Jocelyn:  Physical fitness is important to me. I think we should make sure that we are leaning into what calms the mind. What can center you? What can get you back to yourself? Setting aside time for self-care is critical to managing those stressful moments.

 

HerStoryMag:  So, if no one ever tells you, again, that you are enough, how do you know you are?

 

Jocelyn: I redefined what enough is for me. Verbal affirmation from other people is great and all, but it needs to be within me. It was a struggle. But I think once I got to that place of “I am enough for me”, I did not have to fix myself or change to fit or conform to whatever someone else wanted me to be.

 

HerStoryMag: That is amazing. And I am so glad that women get to hear that because you do have to define it for yourself. What is your superpower?

 

Jocelyn: I would say resilience. Yeah, I keep coming back. I learned that your life will take a couple of hits.  But, If I have breath in my lungs, I can get back up and I will find a way.

 

HerStoryMag: How important is it for a woman to know how to communicate?

 

Jocelyn:  It is pivotal.  We are often judged before we open our mouths.
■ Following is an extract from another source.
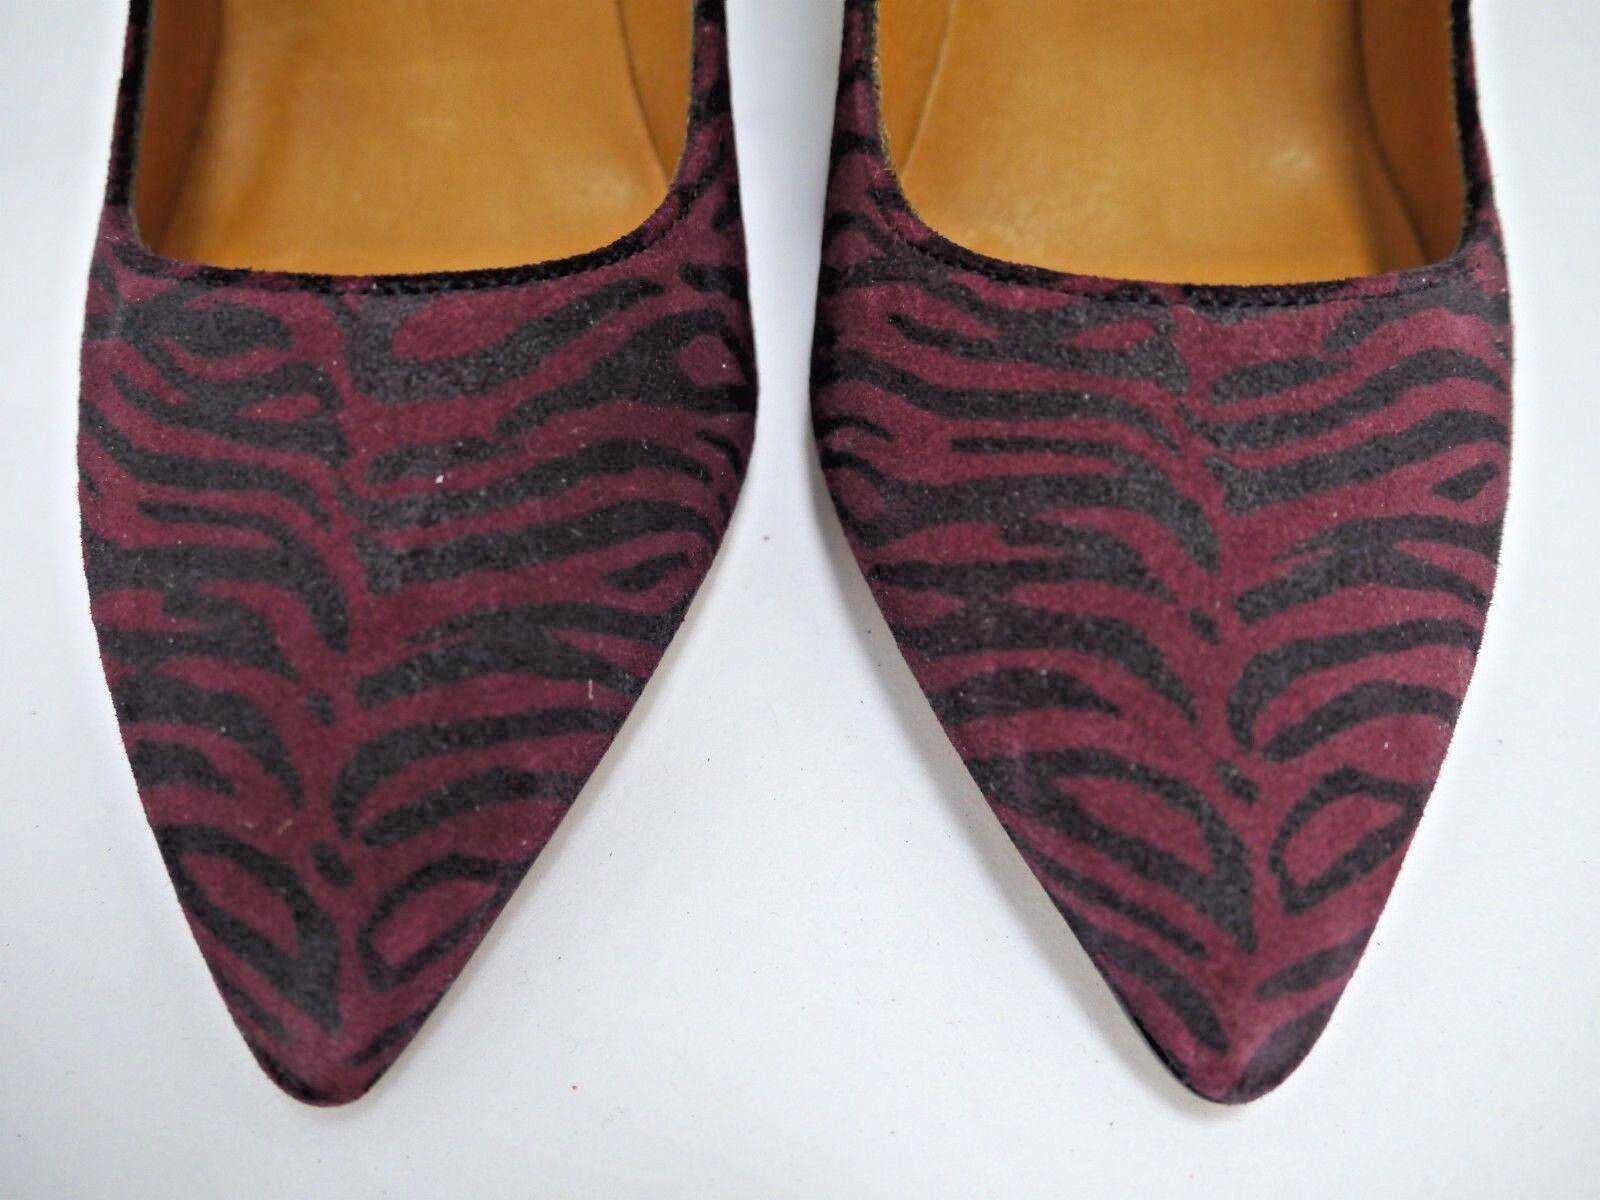 NEW ISABEL MARANT MARANT MARANT GATSY zebra suede heels shoes size 40 dd8ea6

You begin to help people see who you are by the words you use and how you communicate. How do you navigate with the people around you? How do you handle confrontations? How do you handle disagreement? How do you manage when you do not agree completely with someone, are you still respectful? So, it is especially important that women communicate well.

 

HerStoryMag: How does communicating well give us power?

 

Jocelyn:  I think it can elevate you to be seen as an equal and to show what lies within. Women need to recognize that there's power in our voices. I can be feminine, but I can still be strong.

 

HerStoryMag: What is something that is happening that is breaking your heart around you?

 

Jocelyn: I am in the city of Baltimore, and I think that our city has so much potential.  But I see that within my culture sometimes we are not tapping into that potential. We get caught in focusing on the wrong things and miss the opportunities to step into our own greatness as Black people and people of color in our city.

 

HerStoryMag:  What is making you happy right now?

 

Jocelyn:  It was moving here in September. I had to move quickly and even though it was chaotic and crazy, there was a certain level of excitement because here I am. I jumped and I did not fall. That feeling of doing it gave me so much life and energy.

 

HerStoryMag: At the end of every interview, I always ask every woman to answer the same question. To help leave your impression on every reader, in hopes that they will be able to identify their purpose through yours, please answer the question Who Am I?

 

Jocelyn: I am a woman who is resilient, determined, and aware of who she is and who she is not. I am unapologetically me, and I am patient, and I am kind to myself.